What is required → From the line with "2004-67057 Geoperformance Drilled/Slotted" to the end of the data below, restate each line word for word, both ends included, without the pictures.

──────── Information shown ────────

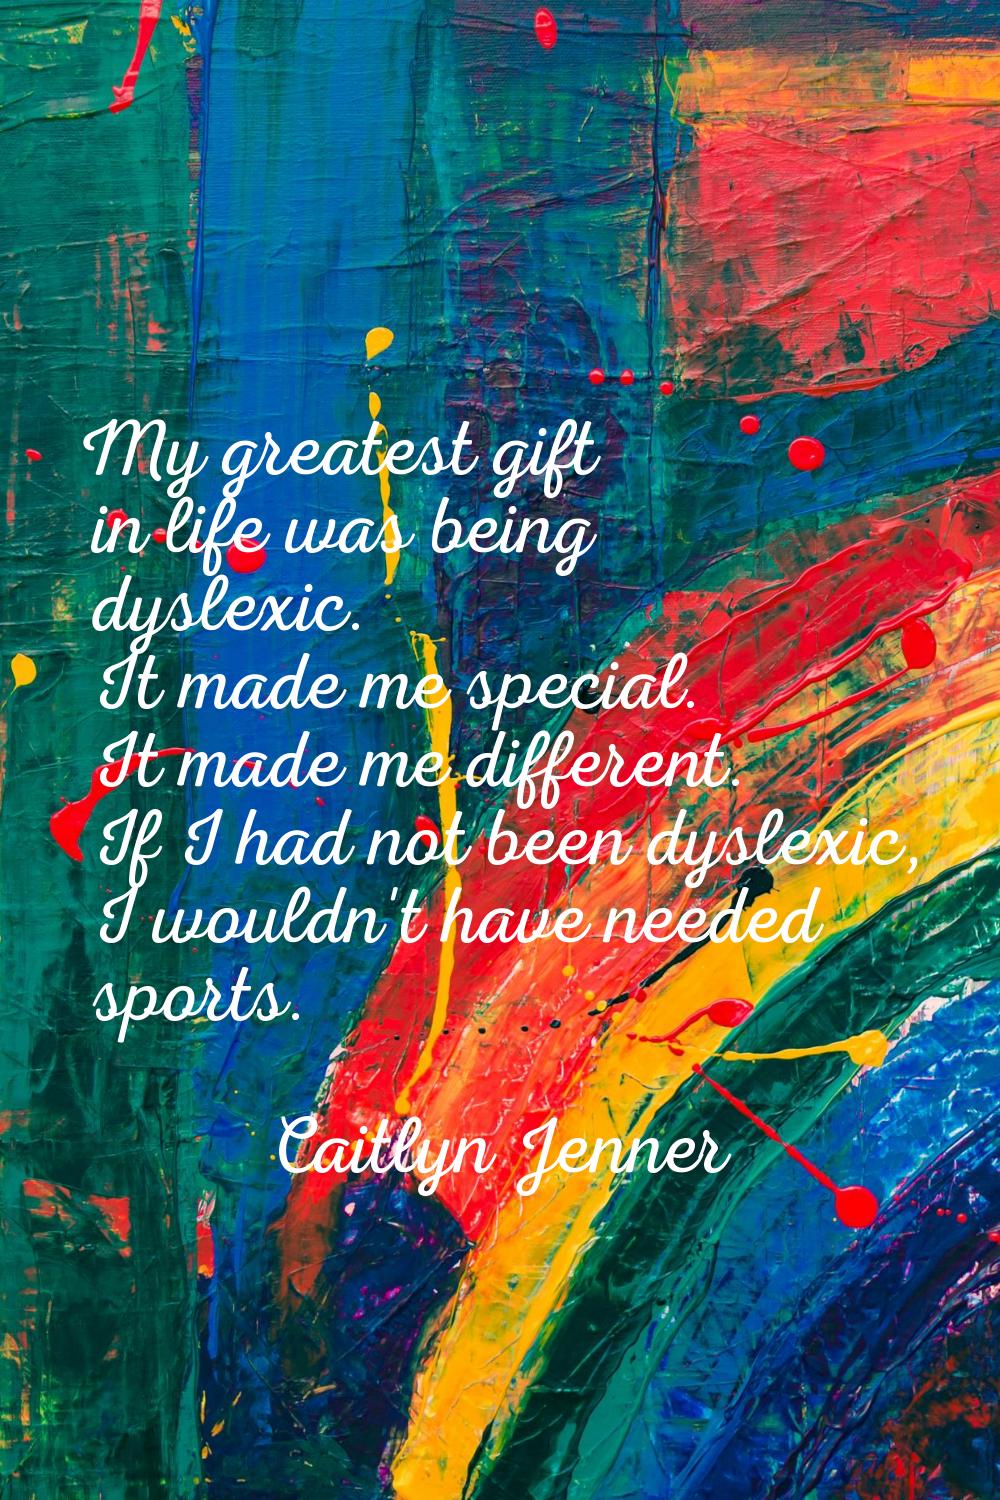 My greatest gift in life was being dyslexic. It made me special. It made me different. If I had not
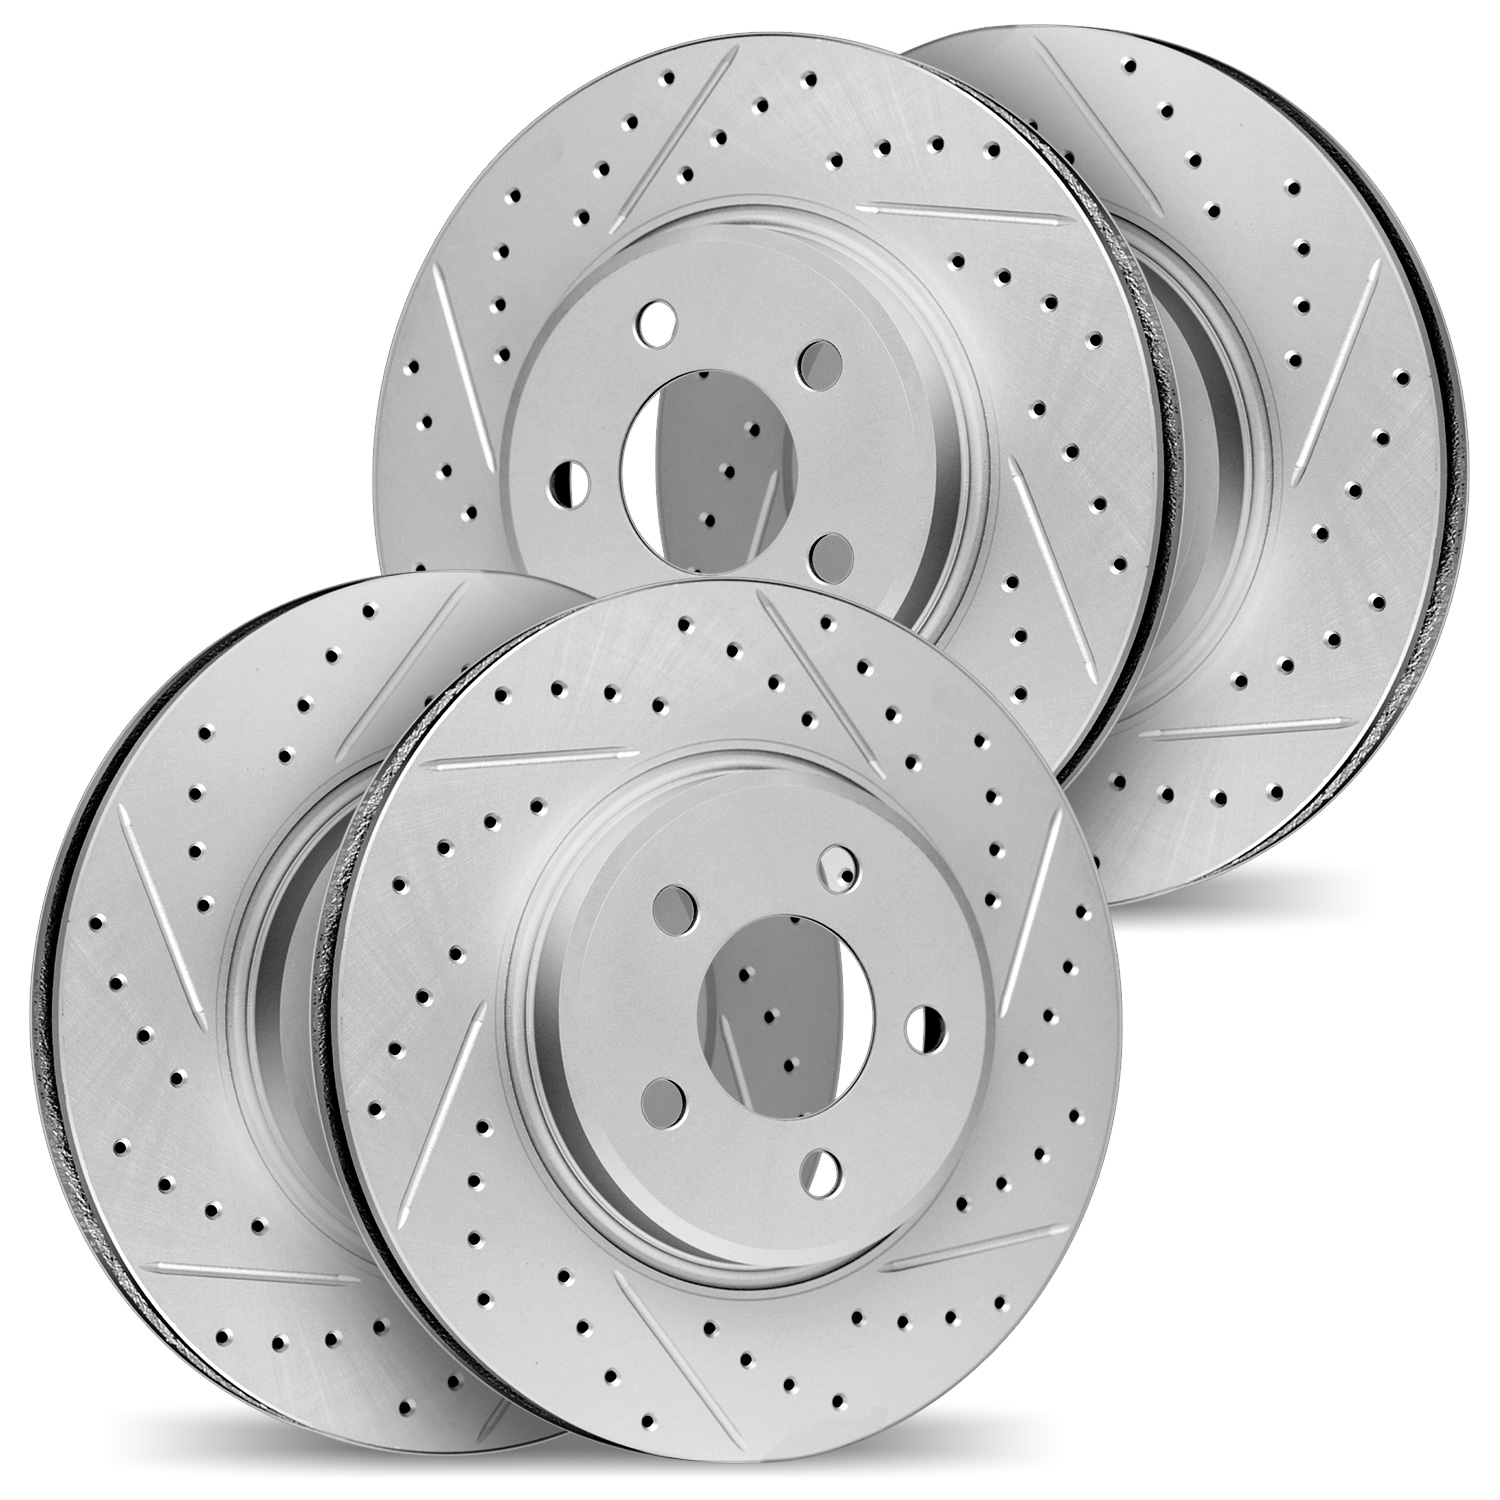 2004-67057 Geoperformance Drilled/Slotted Brake Rotors, Fits Select Infiniti/Nissan, Position: Front and Rear
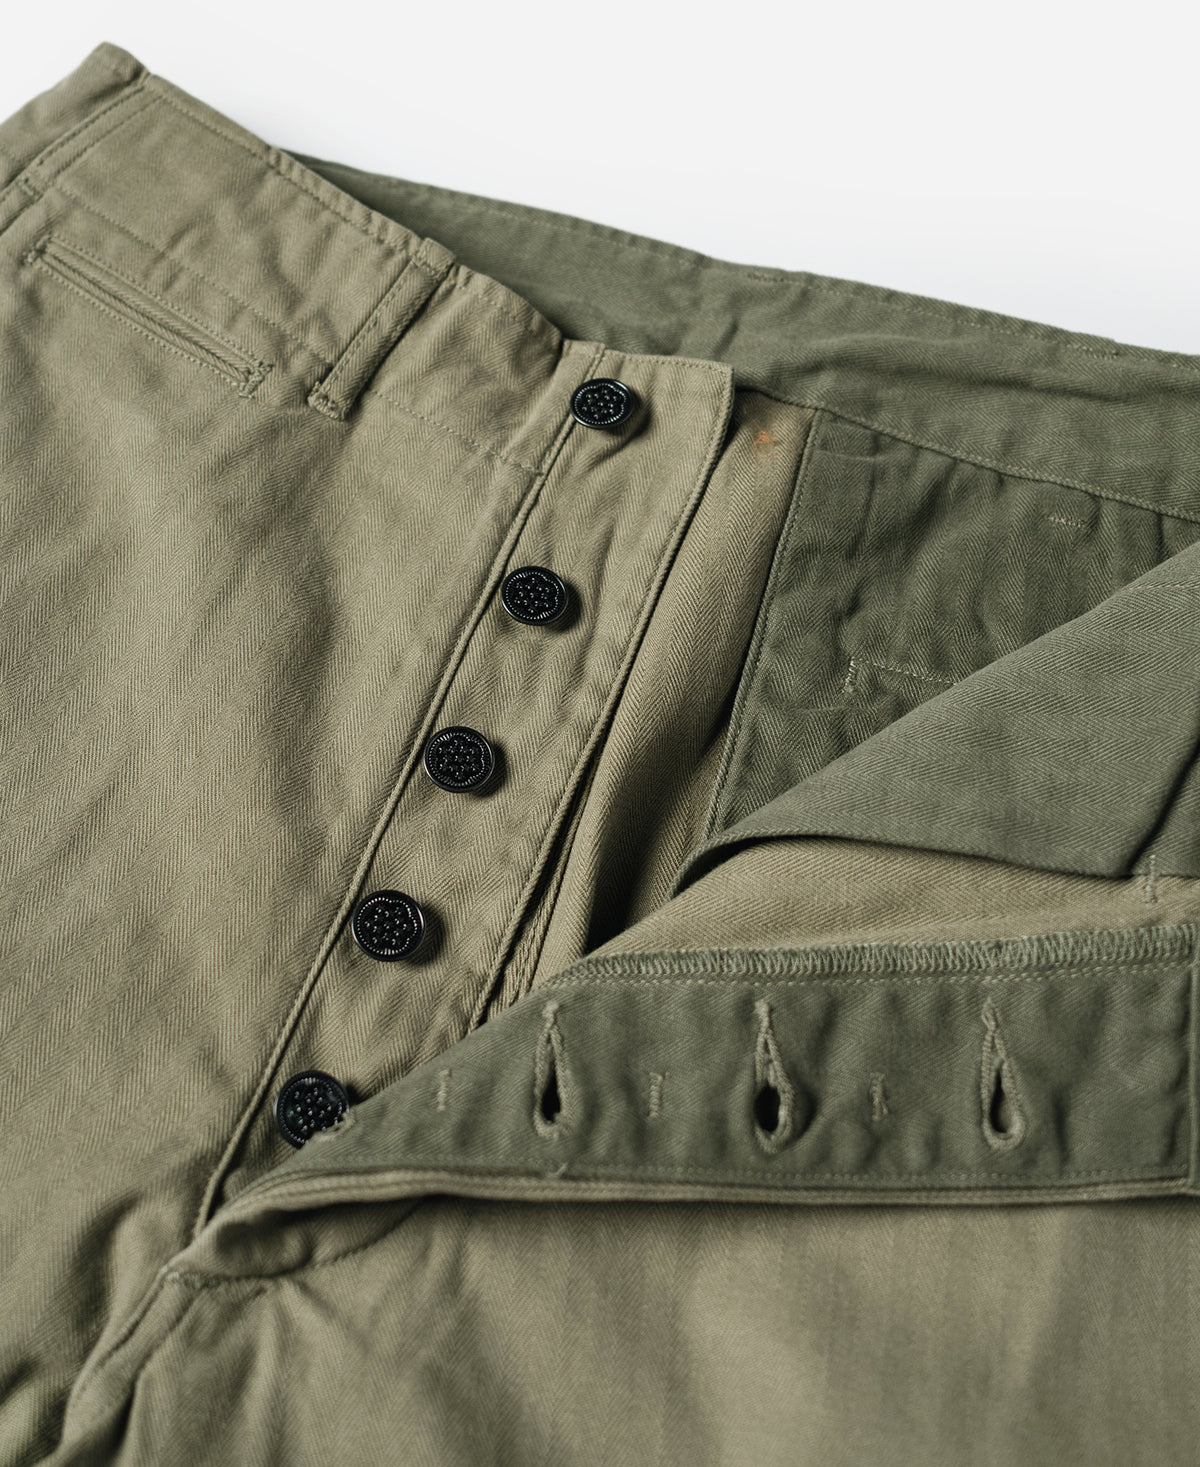 US Army M-41 HBT Fatigue Trousers
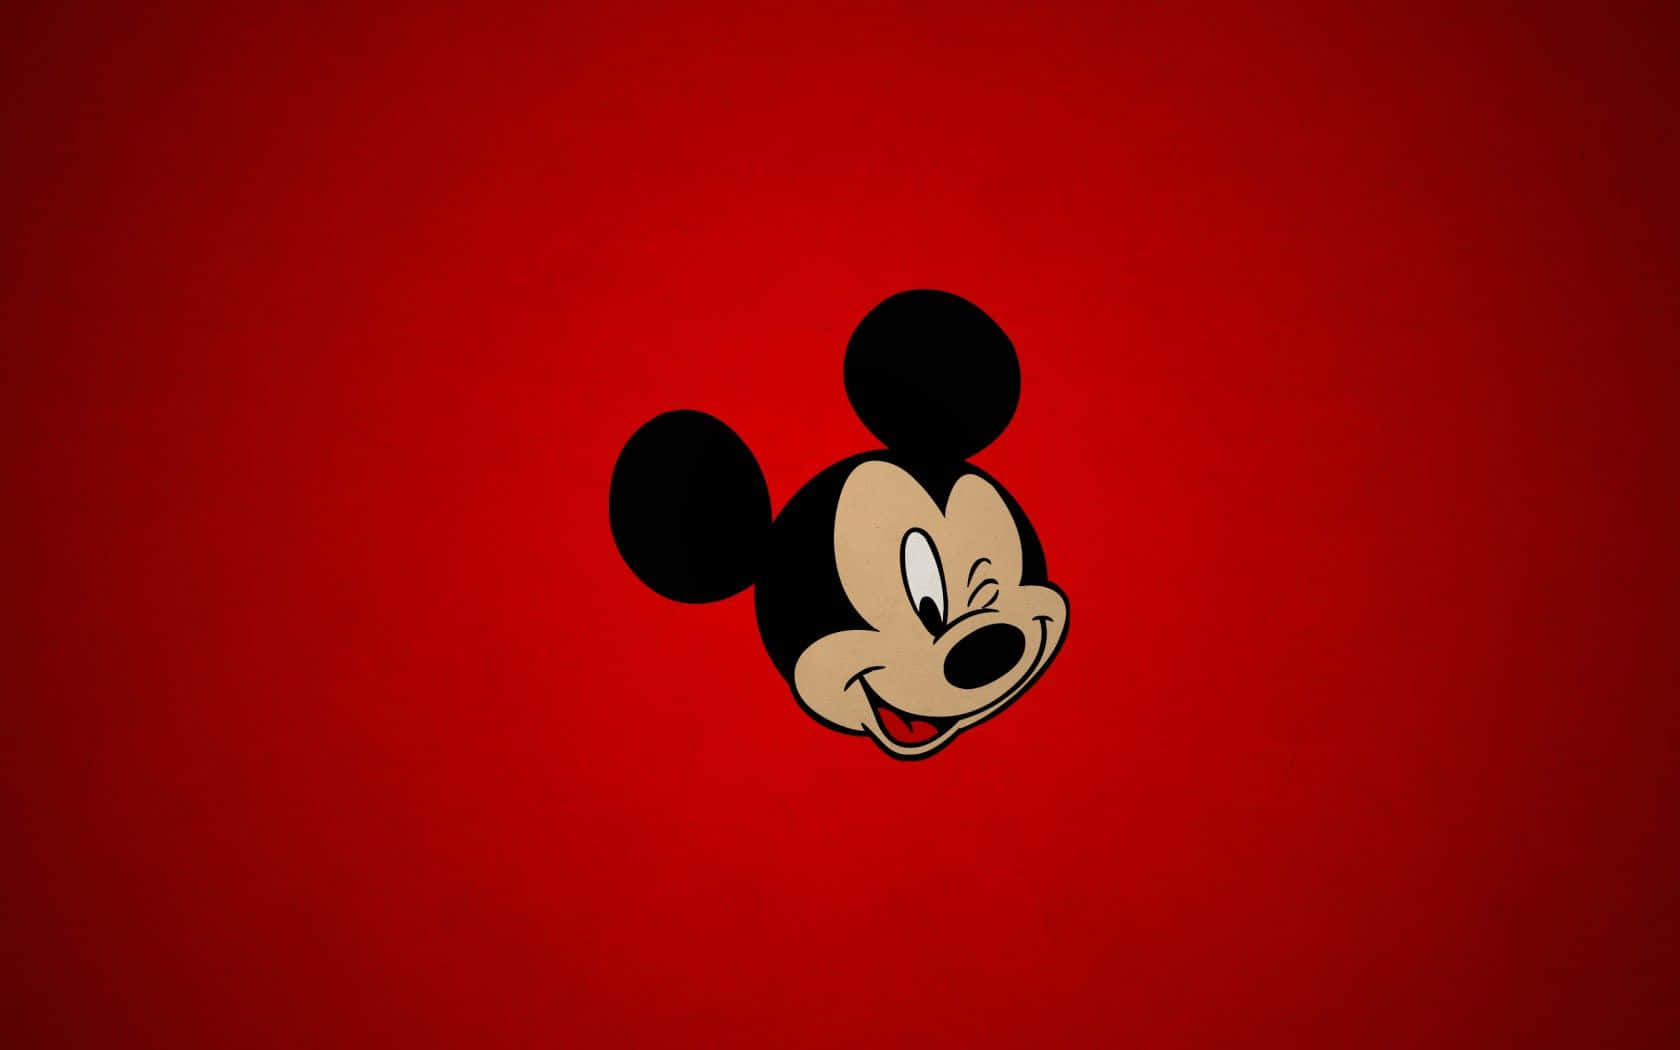 A Cute Mickey Mouse Cartoon Shows The Joyous Character Smiling Brightly.

────────

Solved exercise →
 2004-67057 Geoperformance Drilled/Slotted Brake Rotors, Fits Select Infiniti/Nissan, Position: Front and Rear
 US Army M-41 HBT Fatigue Trousers
 A Cute Mickey Mouse Cartoon Shows The Joyous Character Smiling Brightly.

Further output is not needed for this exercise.